I CATTOLICI  FACEBOOKISTI

Sembravano cazzari, invece erano apostoli.

Che sanno ridere di se stessi

 

La chiesa ha sempre anticipato i tempi. Solo nel ’68 decise di inseguirli. I tradizionalisti: cacciati nella catacomba, se ne scapparono dalla finestra… window. E su internet ai progressisti cadde la maschera da Dorian Gray. Facebook: qui rendiamo ragione della speranza in noi. Ridendo di noi. Il primo papa e l’ultimo papa, una sola parola: spiegate a chi vi domanda. Ma con dolcezza.

 

E visto che la rete non ha padroni, ce ne siamo impadroniti: certo, gareggiando quanto a presenza coi siti porno, ma pure ‘sta cosa la guardo con ottimismo: noi dopo due millenni siamo ancora qui a parlare di Cristo, gli altri si son ridotti, dopo aver strombazzato tutte le rivoluzioni e le mode, alla cosa più scontata: tette e culi. Più originali di così! Infatti, noi ancora scandalizziamo parlando del buon vecchio Gesù; questi è già un miracolo, prima ancora che un peccato, se provocano qualche erezione. Non hanno fatto molta strada: sono passati dal ’68… al 69 (gli abituè capiranno…)

 

 

di Antonio Margheriti Mastino

 

LA CHIESA HA SEMPRE ANTICIPATO I TEMPI. SOLO NEL ’68 DECISE DI INSEGUIRLI

Che ce lo nascondiamo a fare? Siamo tutti facebookisti.

Qualcuno si meraviglia dell’assiduità, talora ostinata e chiassosa, con cui i cattolici su internet spesso tengono banco. In modo certamente più sistematico, logico e meno casuale degli utenti con altre priorità. Magari proprio quella di sputtanare i cattolici e i preti: esercizio antico, alla fine sempre sterile quello di clorizzare il clero: il quale può solo autodistruggersi ma non può essere distrutto.

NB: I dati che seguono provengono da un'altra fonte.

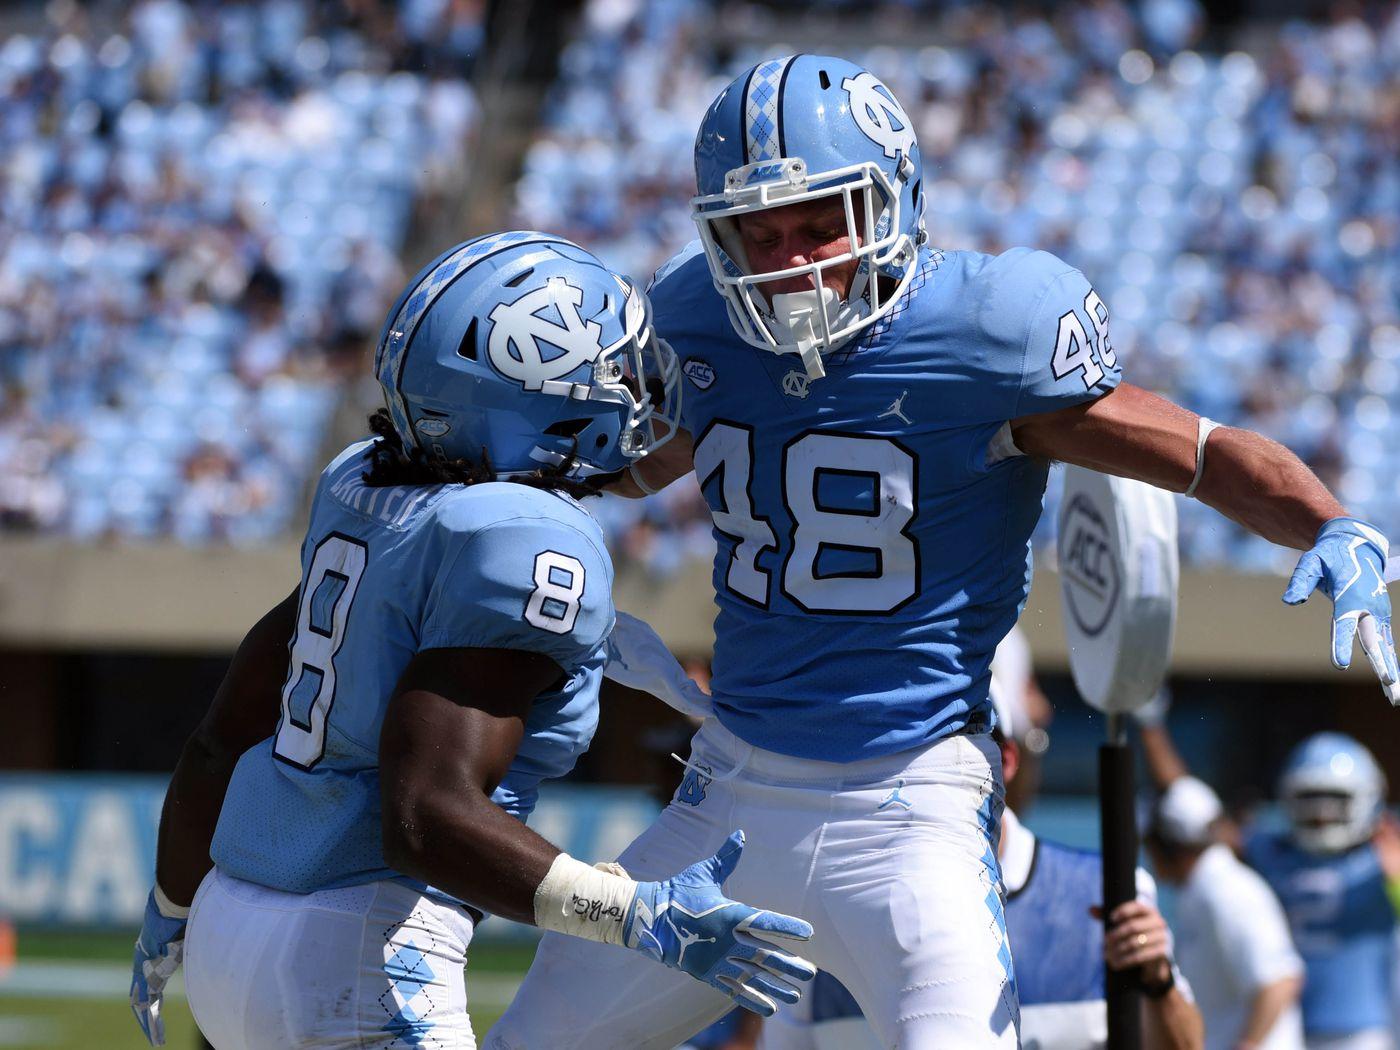 Austin Proehl North Carolina Tar Heels Jordan Football Jersey - Light Blue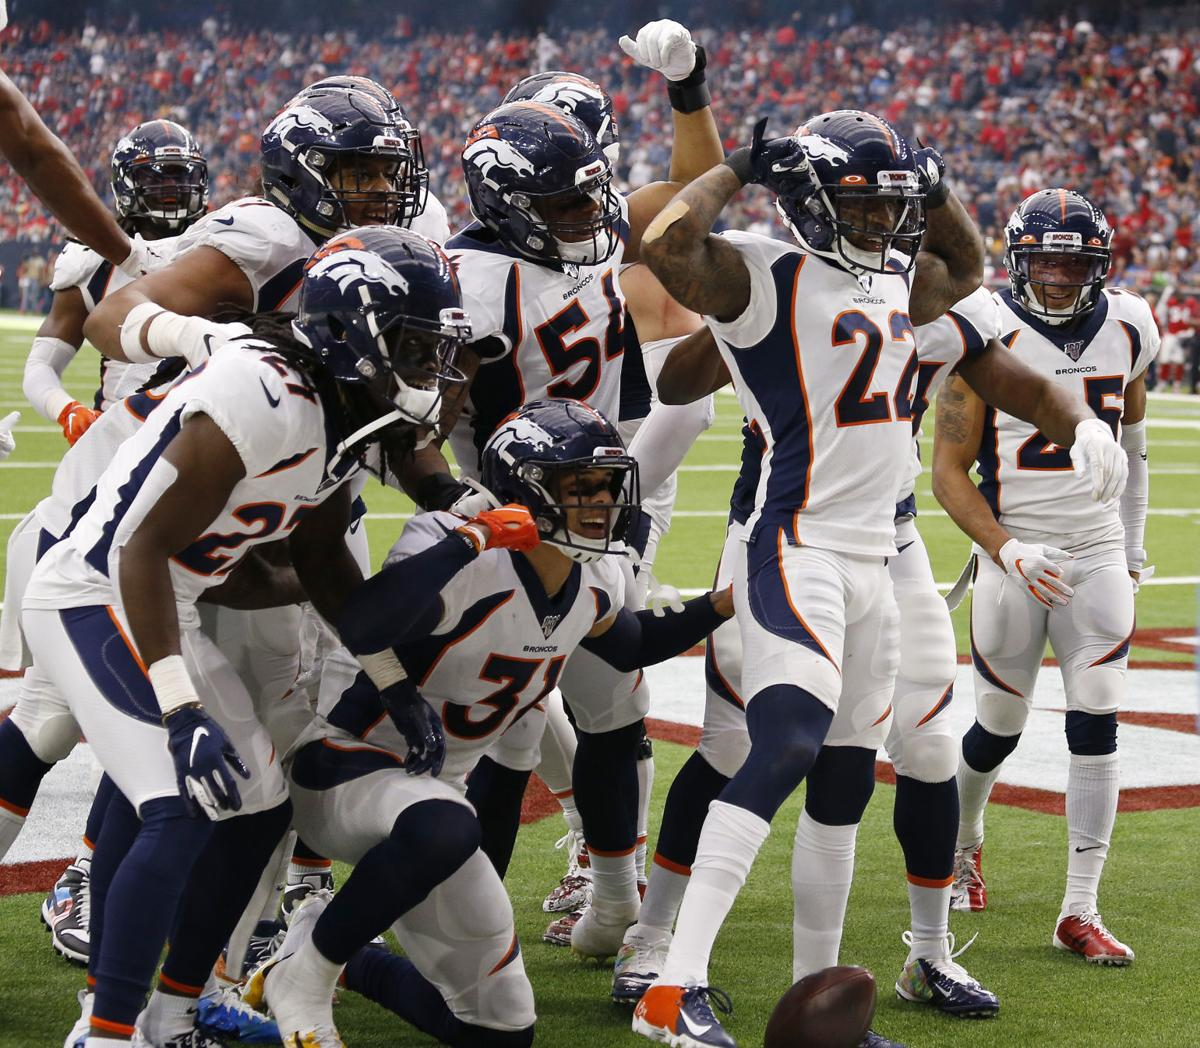 Houston Texans vs. Denver Broncos

Si meravigliano che i cattolici abbiano inventato la militanza (anche) online: io mi meraviglio dei crisantemi che si meravigliano: siamo banditi, almeno noi cattolici non rinnegati e ostinatamente bambini, dai giornali, dalle case editrici, dalle tv pubbliche e private, di fatto dai parlamenti, a momenti pure dai negozi e dai ristoranti, un tempo vietati solo ai cani e agli ebrei, da qualche parte dobbiamo pur dire la nostra. E visto che la rete non ha padroni, ce ne siamo impadroniti: certo, gareggiando quanto a presenza capillare coi siti pornografici, ma pure ‘sta cosa la guardo con ottimismo: noi dopo due millenni siamo ancora qui a parlare di Cristo, gli altri si son ridotti, dopo aver inaugurato con tanto di tromboni tutte le rivoluzioni e le mode, alla cosa più scontata del mondo: tette e culi. Più originali di così! Infatti, mentre noi ancora scandalizziamo parlando del buon vecchio Cristo, questi è già un miracolo, prima ancora di essere un peccato, se provocano qualche erezione. Non hanno fatto molta strada: sono passati dal ’68… al 69 (gli abituè capiranno…)

Si meravigliano di questa presenza dentro la modernità tecnologica dei cattolici. Perchè non conoscono una mazza della storia cattolica, e siccome il cattolicesimo è l’unica storia possibile d’Occidente (come germinazione o contrapposizione), viene il sospetto neppure della storia in generale. Sapessero pensarla la storia, saprebbero che la Chiesa sin dall’inizio non solo ha cavalcato tutti i migliori mezzi di circolazione delle idee, ma spesso li ha anticipati, quando non inventati essa stessa. Sono stati i “tempi” a inseguire la Chiesa, mai il contrario. Solo dopo il ’68, mettendosi la pretaglia a inseguire, nel clima di delirante ottimismo a prescindere dell’epoca, i dannati “tempi”, soltanto da allora la chiesa si è dovuta acchiappare alla coda della contemporaneità. E quando ha tentato di calvalcarla, lo ha fatto con un anacronismo che ha suscitato pena persino nei suoi peggiori nemici, un fuori tempo massimo che suscitava riso e compassione.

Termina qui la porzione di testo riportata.